Don’t Bring Over Everything
We didn’t bring over all the projects. We told the users we would upgrade and retain the legacy database
for reference if they absolutely needed the project.
Use Codes to Flag Projects for Migration
In moving projects, we had the plants flag which ones were templates that could be brought over any
time, and which ones they wanted to keep in the old system until the very last minute. They used project
codes for that, and it was helpful.
Create Integration Check Layouts
If you are integrating P6 with an ERP system or something else where lots of data is exchanged, create
a layout with all the integration fields displayed an a similar report in the other system. That way you can
compare data side by side.
Have a Cleanup Database between the Old Database and Production
We had staging databases which we imported the projects into. There was one for xRRI projects, and
one for xMirant projects. This provided the following advantages”:
1. One user could refresh his database any time he needed to with a clean configuration-perfect
version of the empty production database without affecting the other user
2. we could run MS Access scripts against it to swap and delete calendars and activity codes
Once the project’s configuration met the merged-company standard, we exported it out and into
production.
Pay Attention to Citrix Home Directories
If the Citrix servers are in the new headquarters location, and the user’s home directory is still in the other
city, you are going to experience performance issues. Change you configuration so that the home
directory is in the same data center as the Citrix server.

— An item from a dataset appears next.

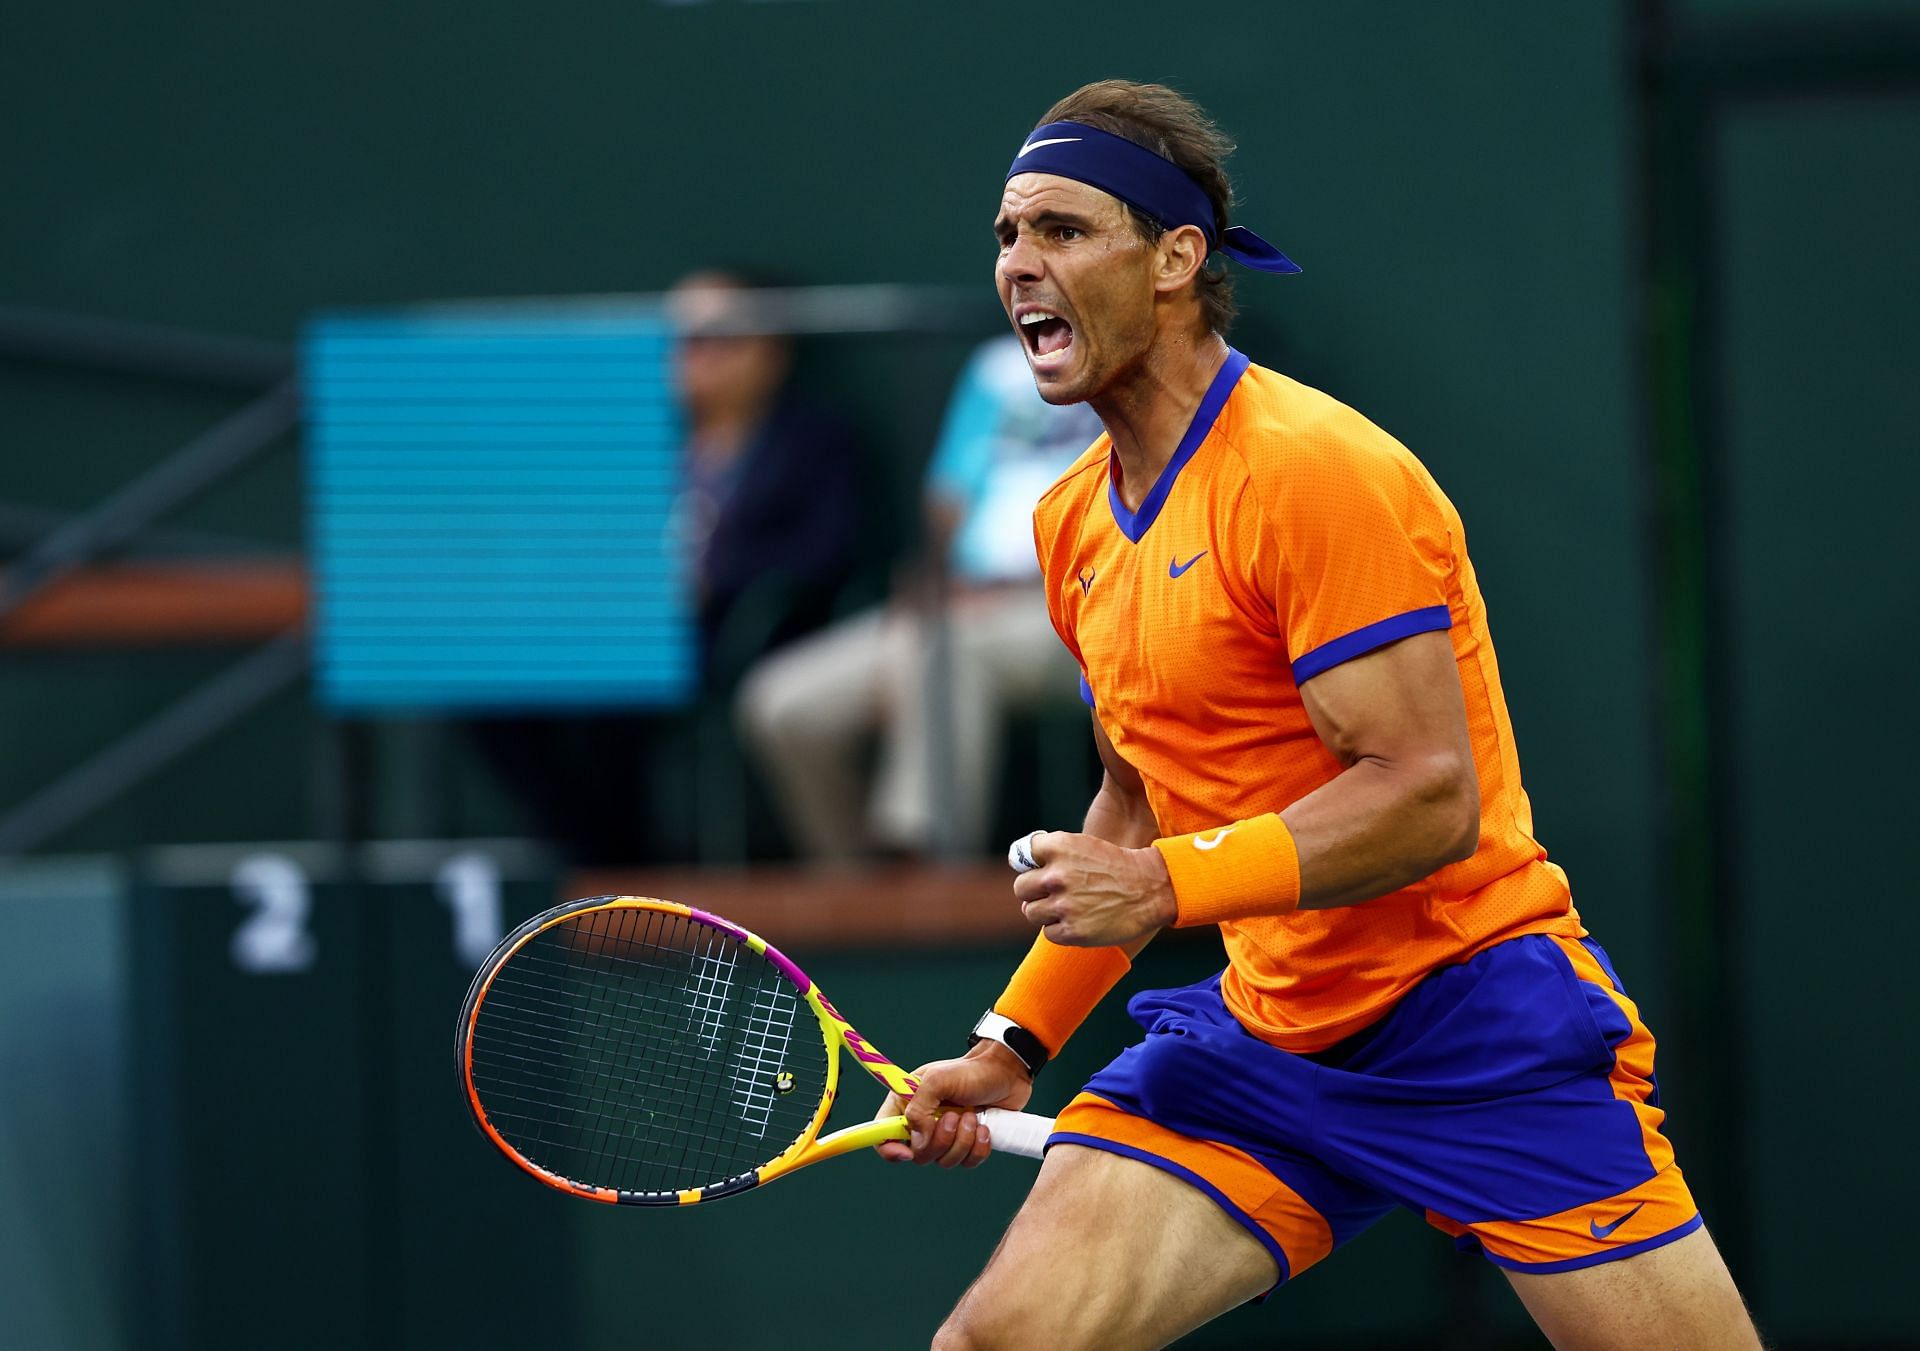 Rafael Nadal reached his fourth final of the year

Construct As-Build Documentation
We did not have as-built documentation from the earlier integration vendors which made it more difficult
to generate the functional specifications for the post-merger solution. We did get them for the new
solution which has been important since we’ve made so many changes.
Create a SharePoint Site for Central System Migration
SharePoint proved to be a great tool for posting application latest rollover dates, conversion data, etc.